Version Reviewed: 1.0.0
Graphics / Sound Rating:
Game Controls Rating:
Re-use / Replay Value Rating:
Major EA Sports iOS releases always bring up the same questions for me. Will I be able to enjoy the iPhone version even a quarter as much as the console version? Will I fall into the harrowing pit of virtual joystick hell? The question that most people want to know though, deep down, is, "Should I buy it?"
On the console, and if you're a soccer fan, buying FIFA 11 is a no brainer. The game will undoubtedly be beautiful, have all the players that you want to emulate, and typically has a presentation that is heads above the rest of the sports game competition (the decision to replace Martin Tyler with FIFA 06 commentator Clive Tyldesley irks me a bit, but I'm sure he'll grow on me).
Like the rest of the iOS sports games that the world enthusiastically bought and then almost as quickly stopped playing, deciding whether or not FIFA 11 is a worthy buy is tough. At first look, FIFA 11 is beautiful looking soccer sim that that has everything that you'd want in an iOS game. It has slick commentary, fluid movements, and an easily navigable menu system. It takes a few minutes of playing though to really capture the essence of the game.

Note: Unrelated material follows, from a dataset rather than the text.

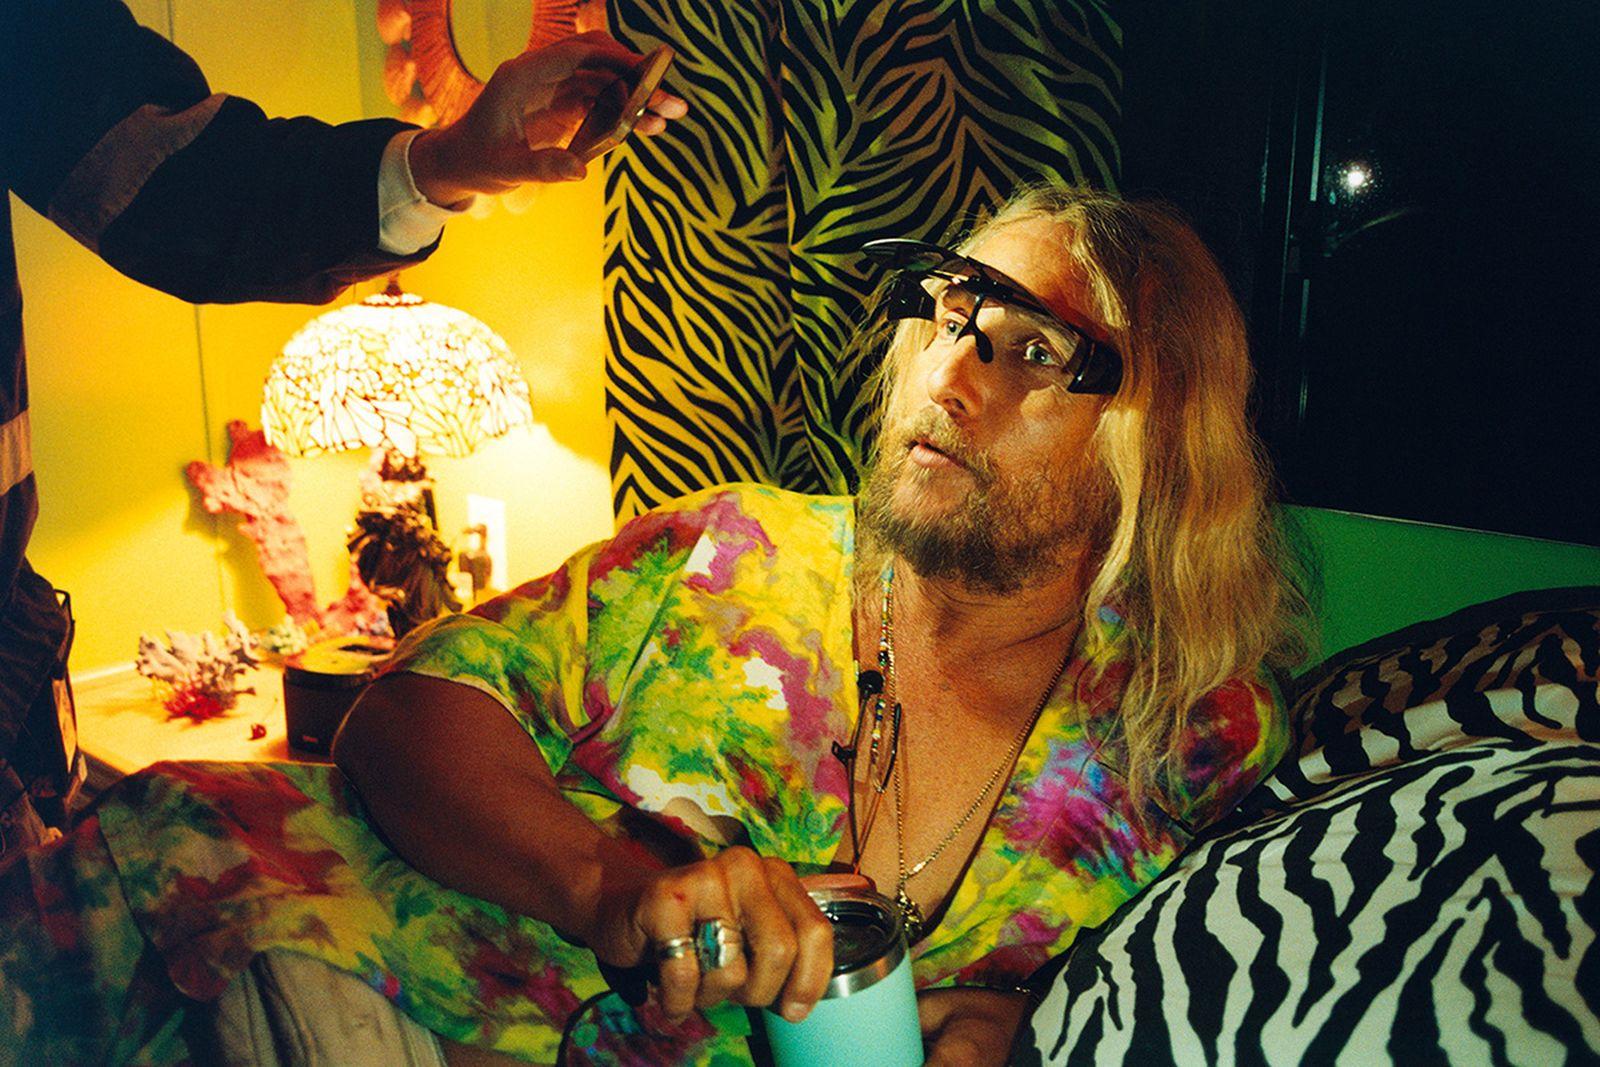 Frank Tyrone Lebon inside the bum interview The Beach Bum harmony korine

As expected, the control system will be what ultimately makes FIFA 11 a winner or a loser. FIFA 11 has a fairly standard virtual joystick setup (either fixed or floating) with three buttons situated on the right side. The buttons instantly change when you go from defense to offense, so one moment you could be trying to shoot and the next you could inadvertently be sliding into a hapless opponent. Other controls are all performed on the screen, such as a double tap for skill moves and a tap on a player to pass. These on screen controls are definitely where sports apps need to be heading, but having to alternate between virtual buttons and seamless screen tapping can be a bit overwhelming. Other than a few missed buttons, there's really not too much to complain about with the controls, other than the fact that my left thumb has been rubbed raw from trying to do precision movements.
The gameplay itself is a bit of an adventure at times. Most of the game plays fairly smooth, with particularly good runs and goalie decisions, but there are a few hiccups. There were many instances in my play that the offsides penalty was called incorrectly or not called at all, but worst of all was the odd officiating by the main official. Every once in a while, I would do a dirty slide on a player and only get a foul, but a few times I had my goalie come out to dive on the ball on someones foot and get a red card. There were other various flaws, but most of them (like many of the ridiculous goals) didn't really detract from the experience all that much. They just gave it, well, personality.
Oddly enough, my biggest complaint with the game was the stadium sound, something that the typical FIFA game nails right on the head. The commentary is spot on and made far less mistakes then I was expecting (my expectations were extremely low), but the stadium sound was far too quiet. Even with headphones the crowd was considerably more quiet than the commentators, leaving you with many moments of next to silence. Not to say that silence is bad, but I'd really like to experience a roar when I score a goal as the home team.
In the end, FIFA 11 will probably hold your attention longer than most other iOS sports sims, but it won't keep you playing season after season. The game itself, for what it is, isn't bad but the virtual joystick does become grating after long plays. It's just not accurate or responsive enough to really capture the fluidity of soccer, and the game suffers for it. Unfortunately, FIFA 11 is one of those games that will be heavily played for a day or two and then will be lost somewhere around page 4 on your iDevice. You'll look at it and know that you'll probably never play it again, but you'll never delete it because you know you'll feel guilty. It's really not a bad game, but it's just not quite good enough to play time and time again.